WHAT THE TASK REQUIRES → Will you extract the entries word for word? Images should not appear in the copy.
-- Opening Marker --
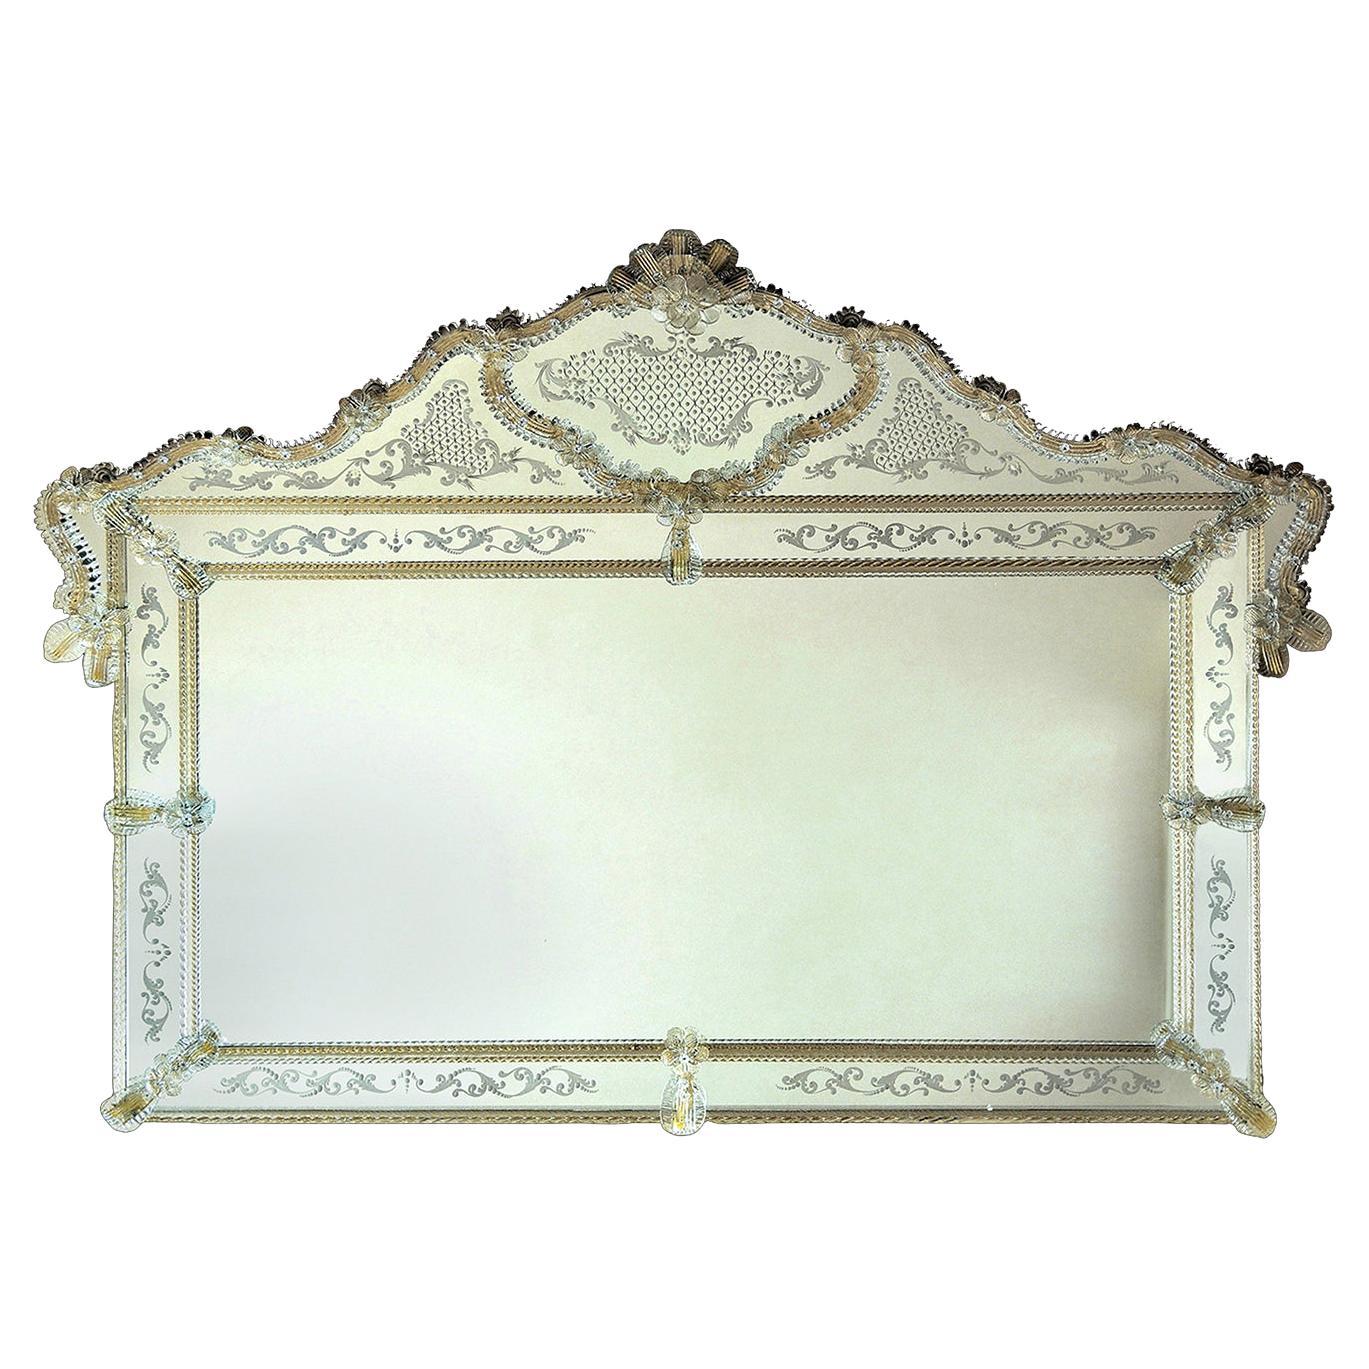 Tradision Wall Mirror For Sale
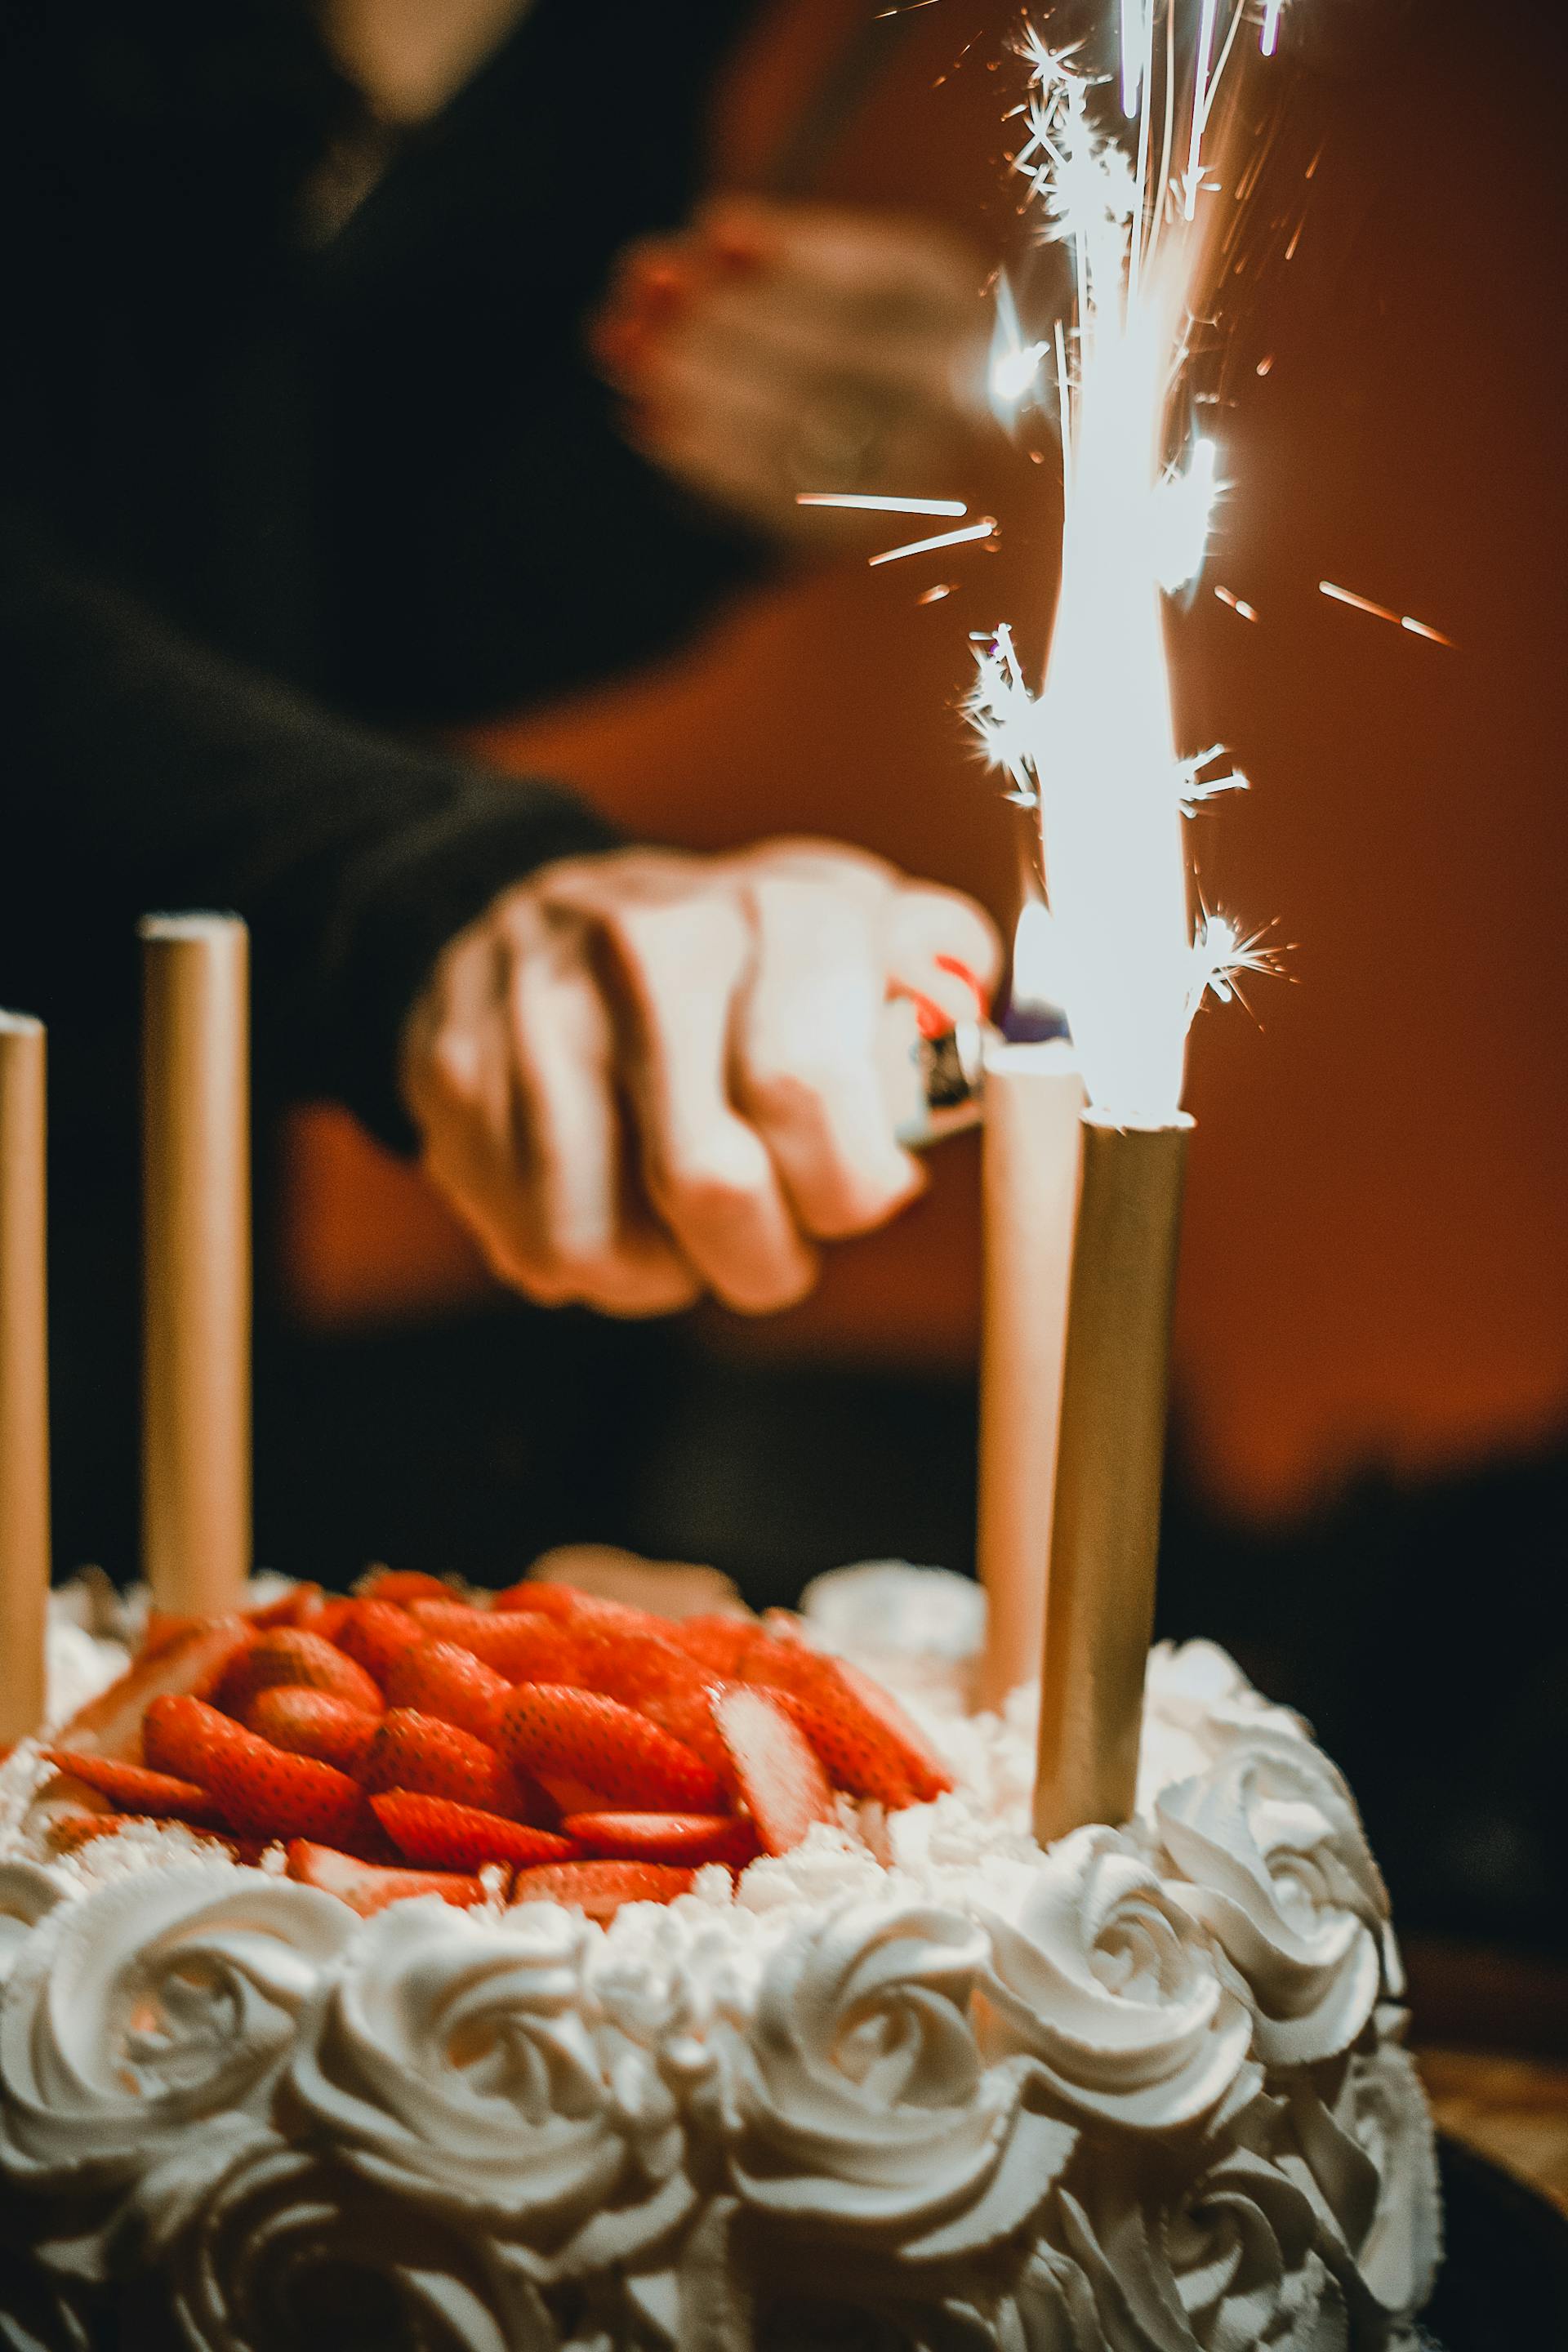 A person lighting sparklers on a cake | Source: Pexels
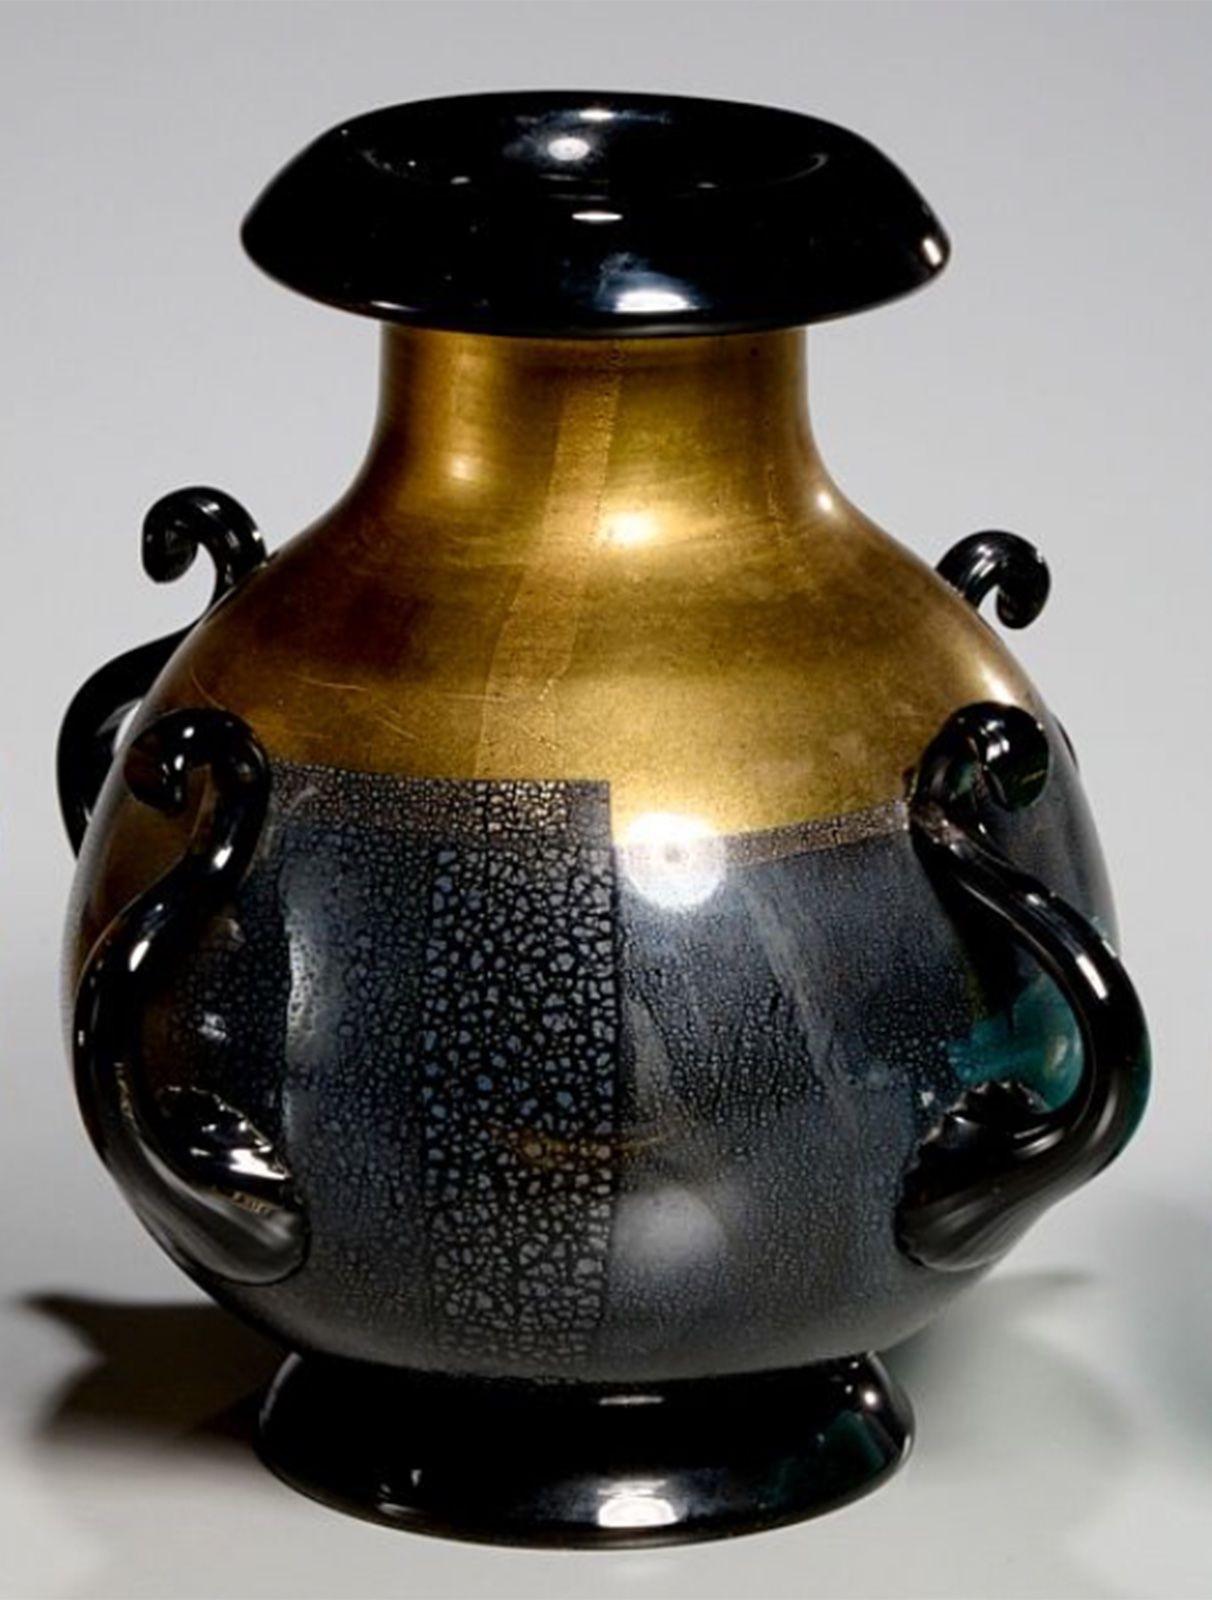 Vintage amphora style vase made of black and gold Murano glass, having four curved handles all around. made in Italy, c. 1970's.
*The piece is not signed by Murano, but information on provenance will be provided upon request.
Dimensions:
9
-- Closing Marker --
TASK OUTPUT →
 Tradision Wall Mirror For Sale
 A person lighting sparklers on a cake | Source: Pexels
 Vintage amphora style vase made of black and gold Murano glass, having four curved handles all around. made in Italy, c. 1970's.
*The piece is not signed by Murano, but information on provenance will be provided upon request.
Dimensions:
9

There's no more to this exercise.